Size bir soru!
Google, "The size of a donut, the powers of a superhero." sloganıyla pazara çıkardığı yeni ürünü Google Home Mini'yi sizce nasıl tanıtmıştır? Eğer konvansiyonel reklamcılık pratiğiniz fazlaysa, bu soruya klasik bir yanıt verebilirsiniz: "Donut görselinin, ürünle olan benzerliğinin vurgulandığı yaratıcı bir ilanla"
Ama hayatınızın herhangi bir noktasında deneyimsel pazarlamaya kafa yorduysanız, cevabınız muhtemelen çok daha ezberbozan ve sıra dışı olur: "Potansiyel müşterilerine donut mağazalarında unutulmaz bir deneyim yaşatarak"
Dünyanın en değerli markalarından, teknoloji devi Google da ikinci seçeneği tercih etmiş ve akıllı ev asistanı olarak tasarlanan Google Home Mini için Amerika'nın farklı noktalarında 11 donut mağazası açmış.
Google Home Mini / Donut Shop mağazalarını ziyaret edenleri, iştah açıcı bir koku ile birlikte ilginç bir endüstriyel tasarım fikri karşılıyor. Donut ve Google Home Mini'lerin karışık bir şekilde yerleştirildiği, interaktif bir bant... Ziyaretçilerin bu banttaki ürünlerden birine sahip olmak için yapması gereken Google Home Mini'ye bir soru sormak. Mesela "Yarın hava kaç derece olacak" ya da "Şu anda gitmek istediğim güzergahta trafiğin durumu nasıl" gibi. Sorunun ardından küçük bir kapaktan bir kutu düşüyor.
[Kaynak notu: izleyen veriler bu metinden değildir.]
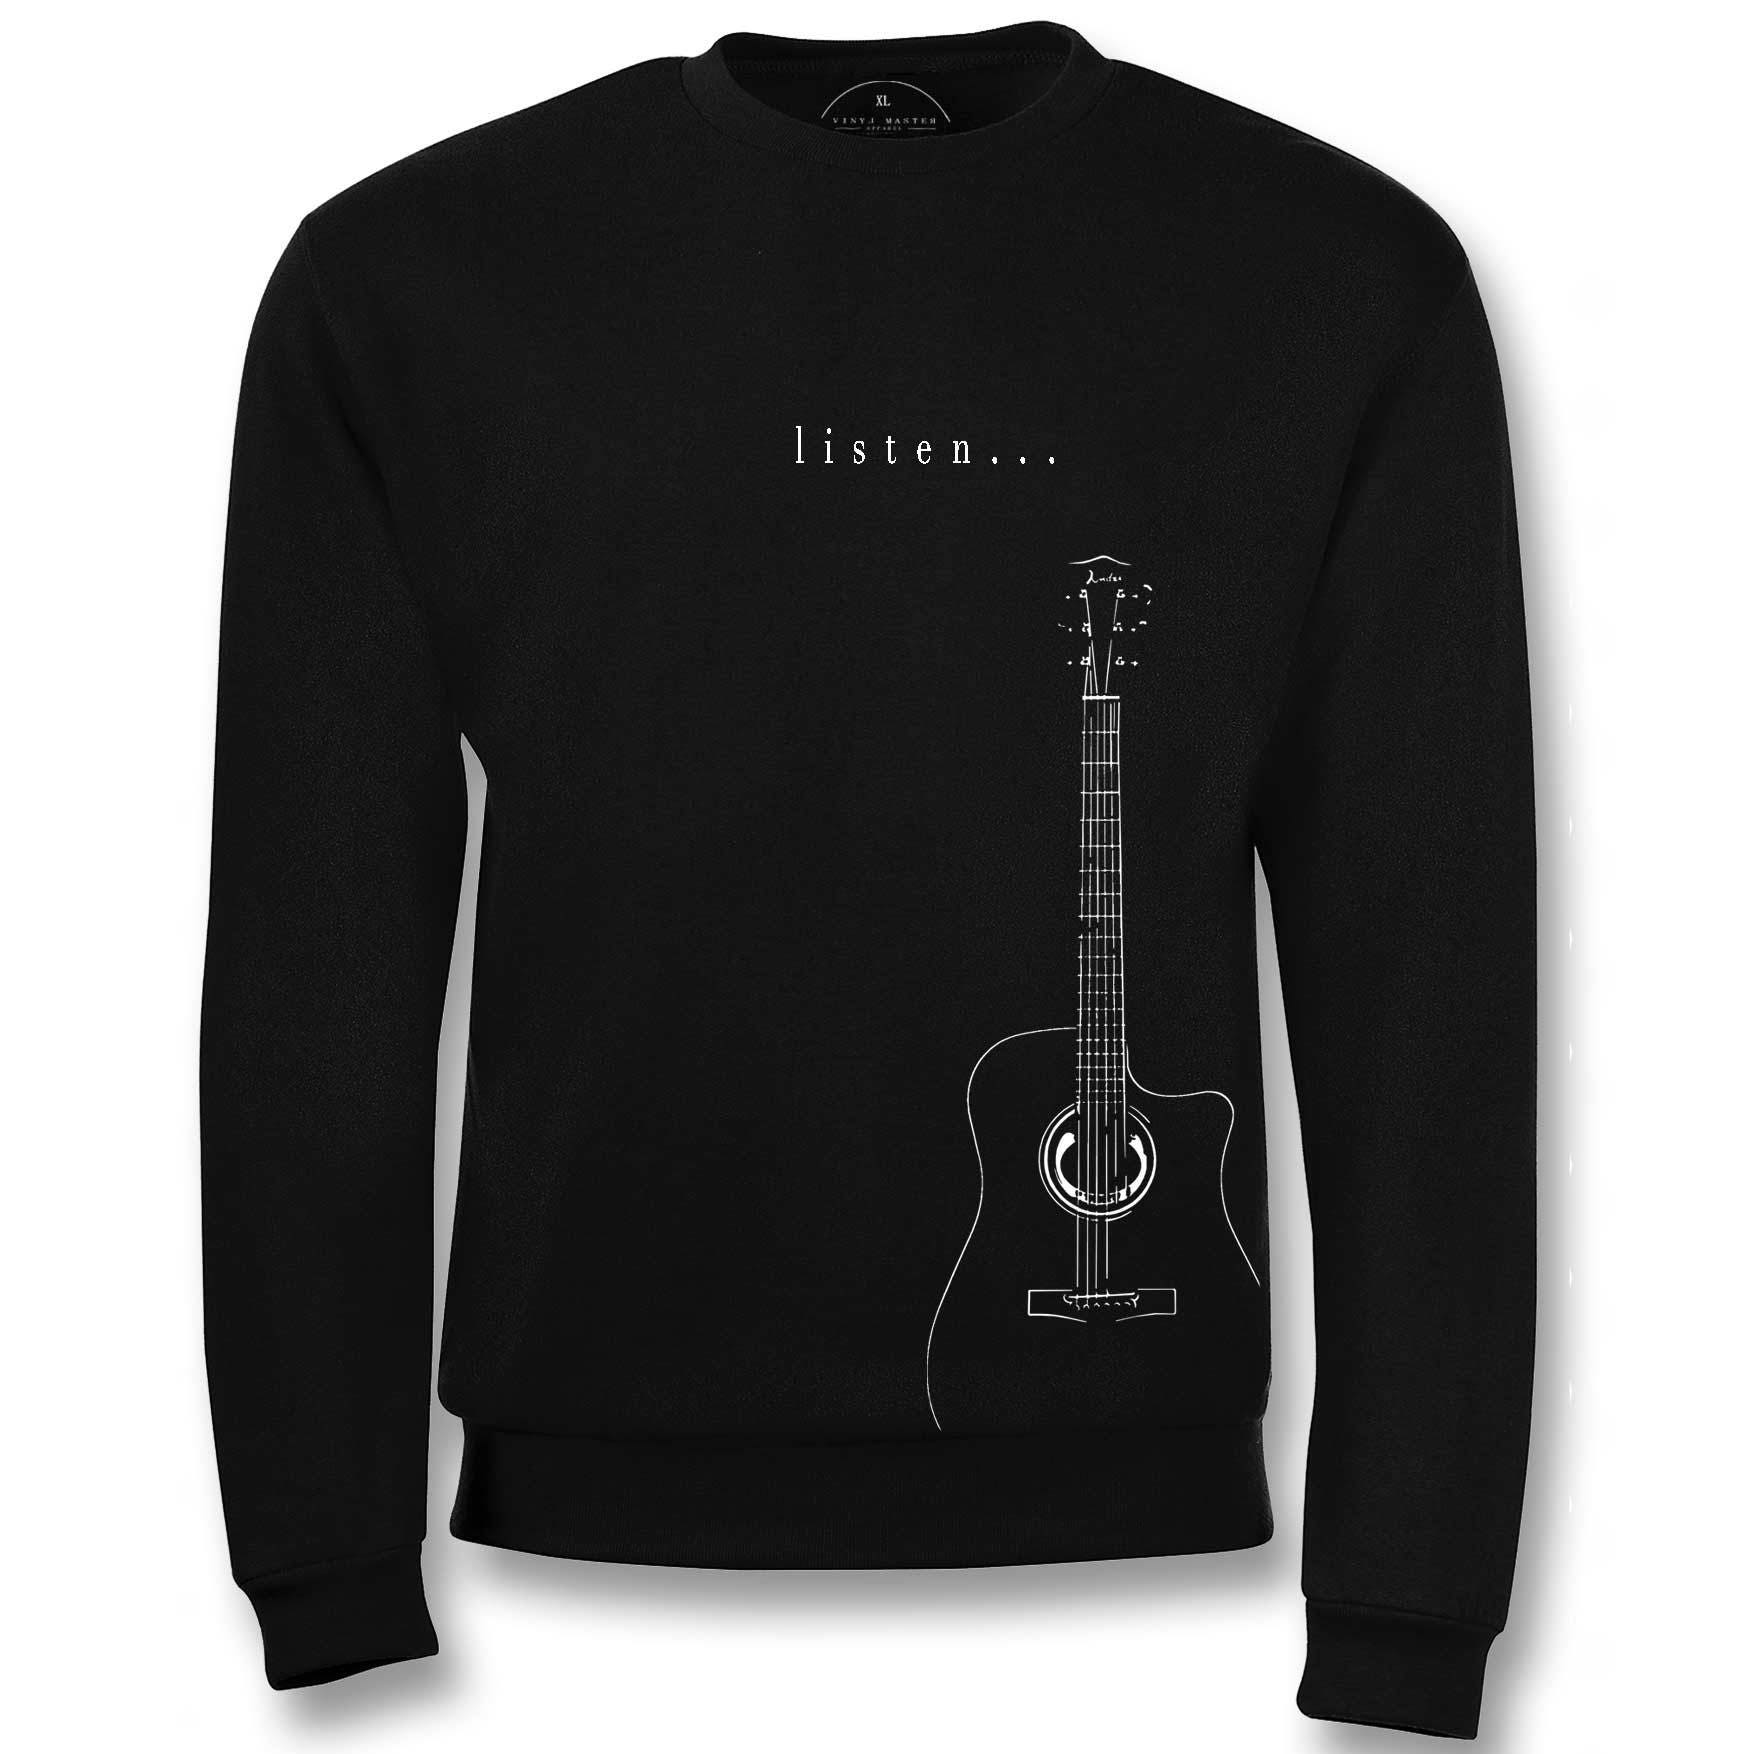 Camiseta icónica de algodón orgánico de Guitarras regalos para guitarristas camiseta de guitarra Ropa Ropa para hombre Camisas y camisetas Camisetas camisetas para hombres Regalo del Día del Padre regalos para él

Bundan sonrası şansınıza kalıyor. Çünkü kutunun içinden ya sıcacık ve lezzetli bir donut çıkıyor ya da Google'ın teknoloji harikası bir Home Mini. Üstelik Google'ın deneyimi bununla da bitmiyor. Mağazaya gelenler, ürünlerini aldıktan sonra Sprinkle Booth'ta donutların üzerindeki süslemeleri andıran rengarenk konfetilerle eğlenceli fotoğraflar çektirebiliyorlar. İşte marka deneyiminin gücü. Sadece 1 duyuya seslenen bir ilandan çok daha yaratıcı, kalıcı ve özel değil mi?